На протяжении нескольких лет я многократно наведывалась к Мириам. По шоссе AI, через северные пригороды Лондона и в самое сердце Центральной Англии. Дивная местность – по крайней мере, для любителя плоских пейзажей и бескрайних полей. Лично я с радостью покидала шумную дорогу, оставляла за спиной оранжевое зарево города Ундла и въезжала в страну чудес Мириам, в ее природный заповедник.
Отец Ники и Мириам, Чарлз, энтомолог-любитель, решил приобрести это имение с целью устроить заповедник для бабочек и стрекоз. Местные риелторы предупредили Чарлза, что владелец в деньгах не нуждается и не станет продавать землю. Вот только владельцем был Натан Ротшильд, отец Чарлза. В 1900 году начались работы по строительству большого трехэтажного здания. Разбили сады, соорудили оранжереи и пруды, привели в порядок парк.
Единственный сын и наследник Чарлза – Виктор – получил основную часть семейного имущества, в том числе всю недвижимость, однако в 1937 году он уступил Эштон своей сестре Мириам. Чтобы сэкономить на отоплении, Мириам распорядилась снести верхний этаж, заметно понизив некогда импозантный трехуровневый фасад. После этого она раз и навсегда запретила подрезать растения, предоставив природе следовать своим путем. Вскоре все стены и большую часть окон увили ползучие растения: плющ, розы, жимолость, глициния и все прочие росли невозбранно. Летом Эштон-Уолд смотрелся не как особняк, а скорее как зеленый, гудящий жизнью холм. Дом был окружен парком площадью в 80 гектаров, там водились олени, – их, разумеется, Мириам столь же решительно запретила отстреливать. И повсюду – заросшие цветами и травами поляны, именно они принесли Мириам славу.

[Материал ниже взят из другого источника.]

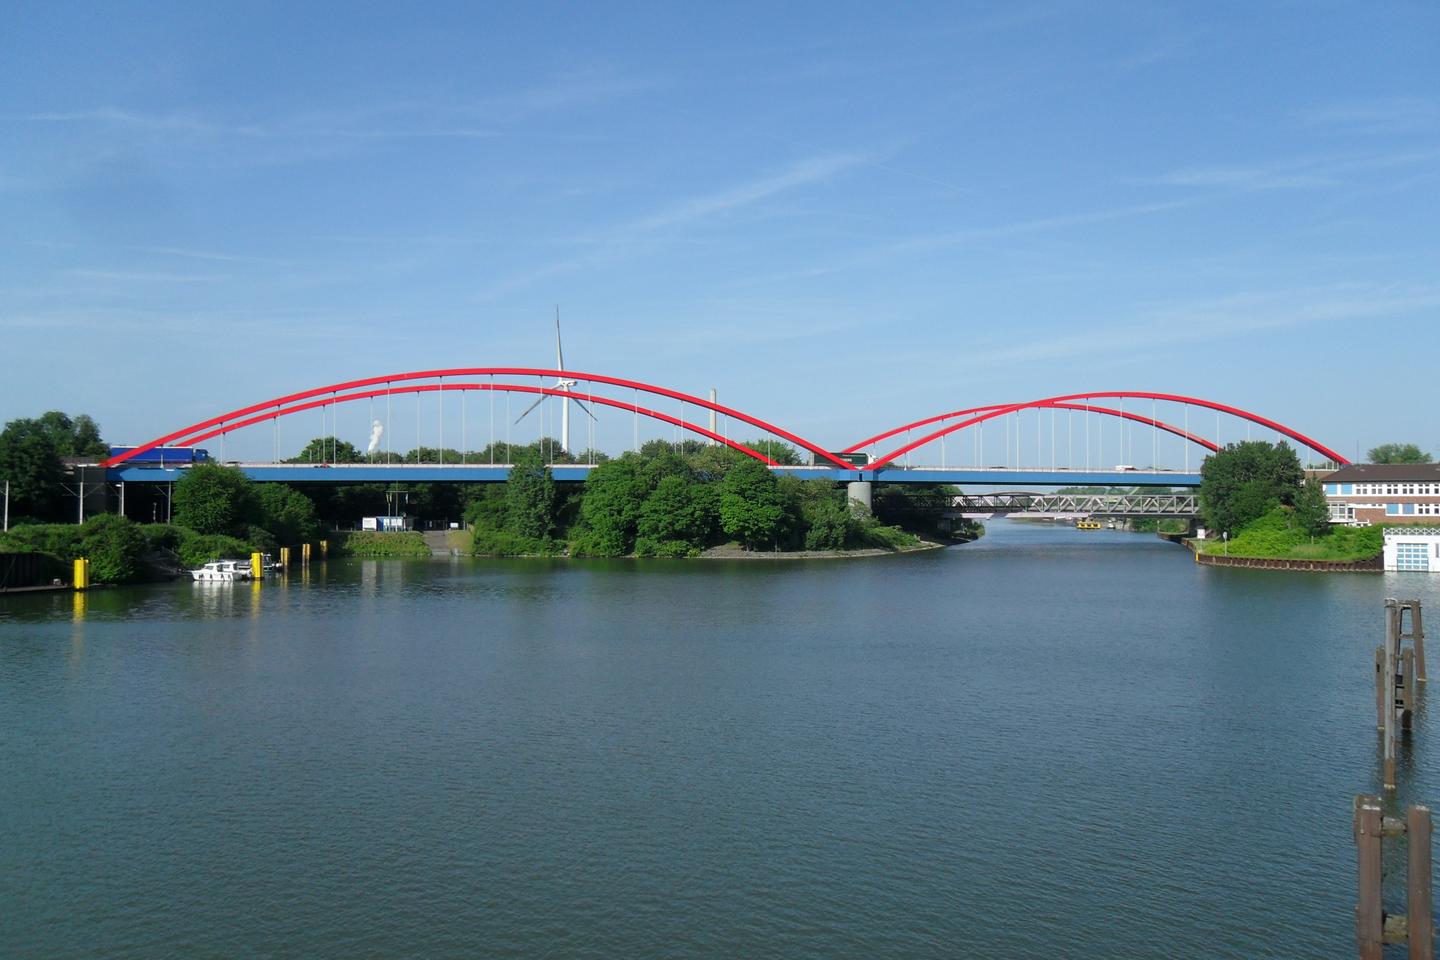 Panoramaansicht der A42-Brücke über den Rhein-Herne-Kanal bei Essen.

Каждая поездка к ней казалась приключением. Сердце билось быстрее, когда я проезжала через соседнюю деревушку, там даже местный паб именовался «Клетчатый шкипер» в честь одной из разновидностей бабочек. От сторожки вела длинная, разбитая подъездная дорога, она вилась между полей и лугов. Проехав с милю, путник замечал длинную и высокую кирпичную стену, за которой прежде находился огород. Несколько гектаров грядок и оранжерей в 1920-х годах круглогодично снабжали цветами усадьбу и свежими овощами – всех, кто проживал на ее территории. При Мириам эти сооружения обрушились, от них уцелели только фундаменты да осколки стекол. Она сохранила несколько помещений – для ручной совы, для разведения бабочек и для экзотических растений.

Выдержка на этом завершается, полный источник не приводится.